6. Netflix, Inc. (NASDAQ:NFLX)

Number of Hedge Fund Holders: 109

Netflix, Inc. (NASDAQ:NFLX) is an American subscription streaming and entertainment services company. Billionaire Steven Cohen’s Point72 Asset Management acquired 230,650 shares of Netflix, Inc. (NASDAQ:NFLX) in the first quarter of 2022, worth $86.3 million. 

Netflix, Inc. (NASDAQ:NFLX) posted its financial results for Q1 2022, reporting earnings per share of $3.53, beating estimates by $0.61. The revenue of $7.87 billion, however, fell short of analysts’ predictions by $75.56 million. 

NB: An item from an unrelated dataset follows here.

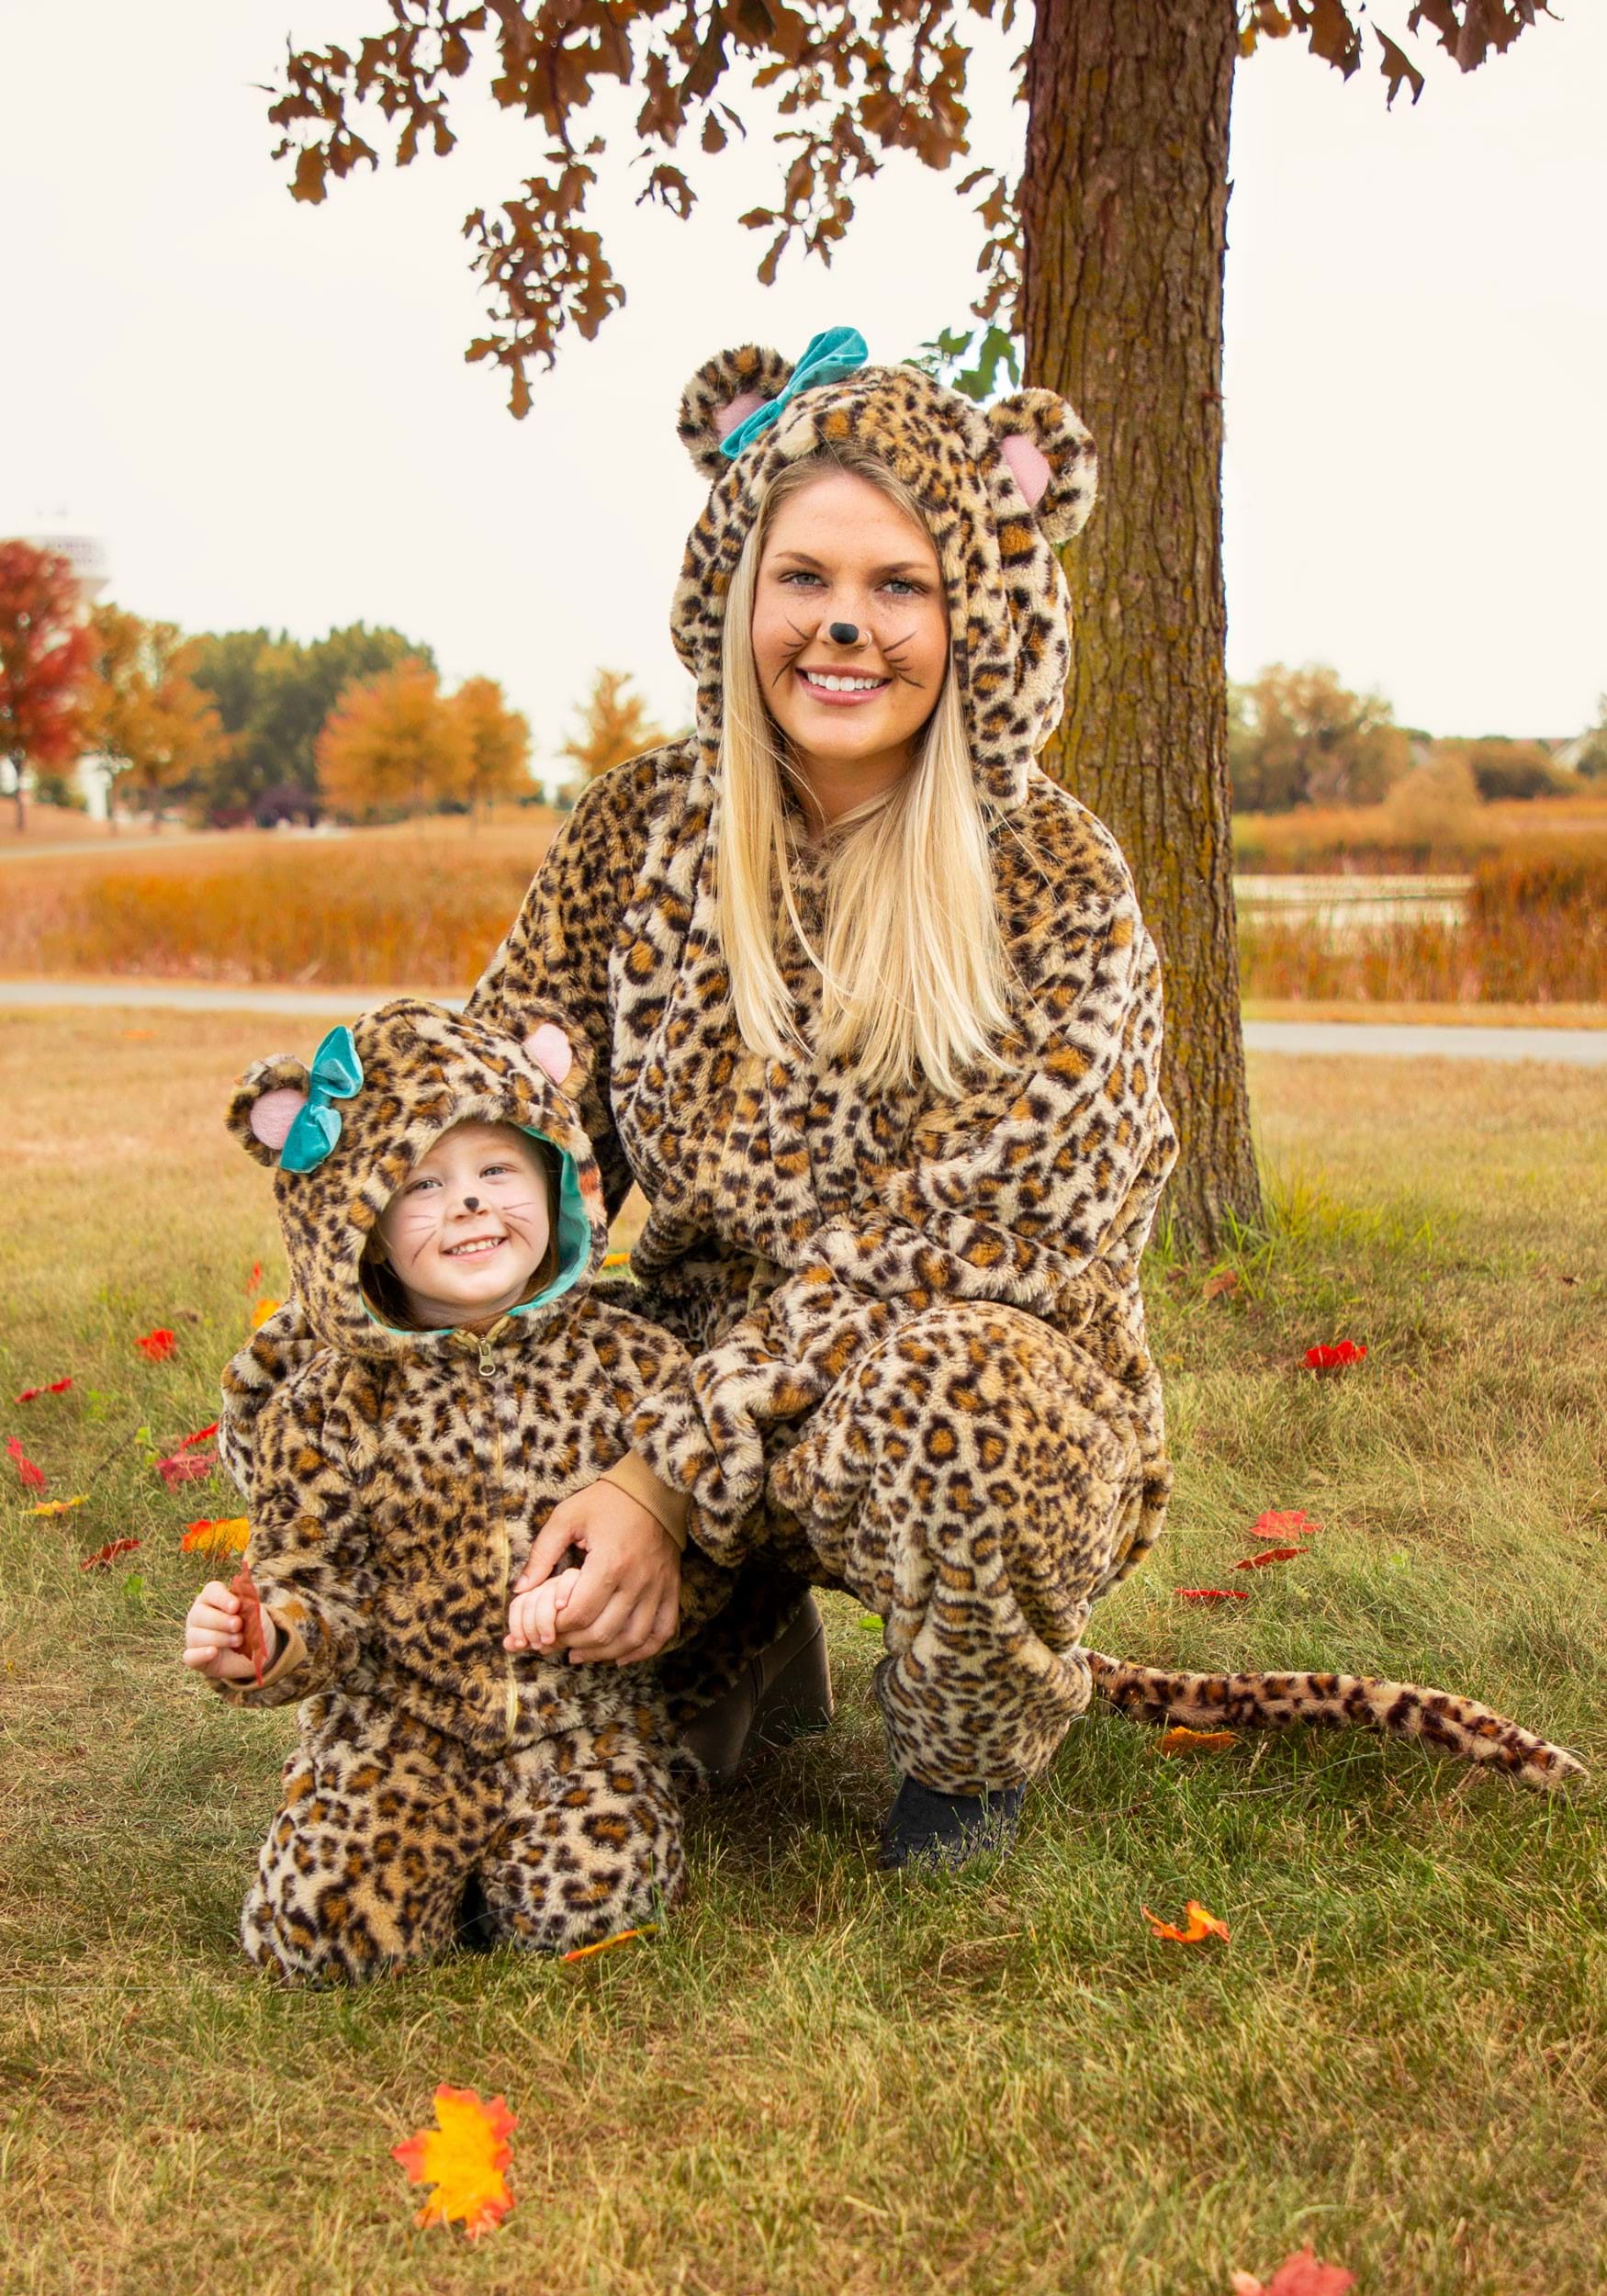 Posh Peanut Lana Leopard Toddler Costume

On May 24, Citi analyst Jason Bazinet observed that once Netflix, Inc. (NASDAQ:NFLX)’s subscriber base started to shrink, investors stopped seeing the firm as a growth stock, and given its lack of free cash flow, value investors are unsure how to categorize the company. “As such, Netflix’s equity does not have a natural investor base”, said the analyst. He believes Netflix, Inc. (NASDAQ:NFLX) has two options – introduce a lower priced advertising tier or monetize account sharing. He kept a Buy rating and a $295 price target on the stock. 

Among the hedge funds tracked by Insider Monkey, 109 funds were long Netflix, Inc. (NASDAQ:NFLX) at the end of Q1 2022, compared to 113 funds in the last quarter. Bill Ackman’s Pershing Square held a significant stake in the company, comprising 3.10 million shares worth $1.16 billion. 

Like Booking Holdings Inc. (NASDAQ:BKNG), Amazon.com, Inc. (NASDAQ:AMZN), and Visa Inc. (NYSE:V), Netflix, Inc. (NASDAQ:NFLX) is a notable pick of billionaire Steve Cohen in 2022.

Here is what ClearBridge Investments has to say about Netflix, Inc. (NASDAQ:NFLX) in its Q1 2022 investor letter:

“After being a prime beneficiary of increased viewing patterns during the stay-at-home period of COVID-19, Netflix is recalibrating what a normal growth trajectory will look like as global economies fully reopen. The stock fell sharply after the company modestly reduced its net subscriber additions for the current quarter, calling into question its ability to continue to deliver double-digit subscriber growth.

We believe one of our edges as active managers is our long-term orientation and willingness to be both early and patient with additions to the portfolio. With Netflix, we remain convinced that our thesis for owning the stock is intact. While some fear the U.S. streaming market is becoming saturated, Netflix’s penetration of global broadband homes is still less than 50%, a figure that doesn’t even include the opportunity to attract more mobile-only smartphone users.”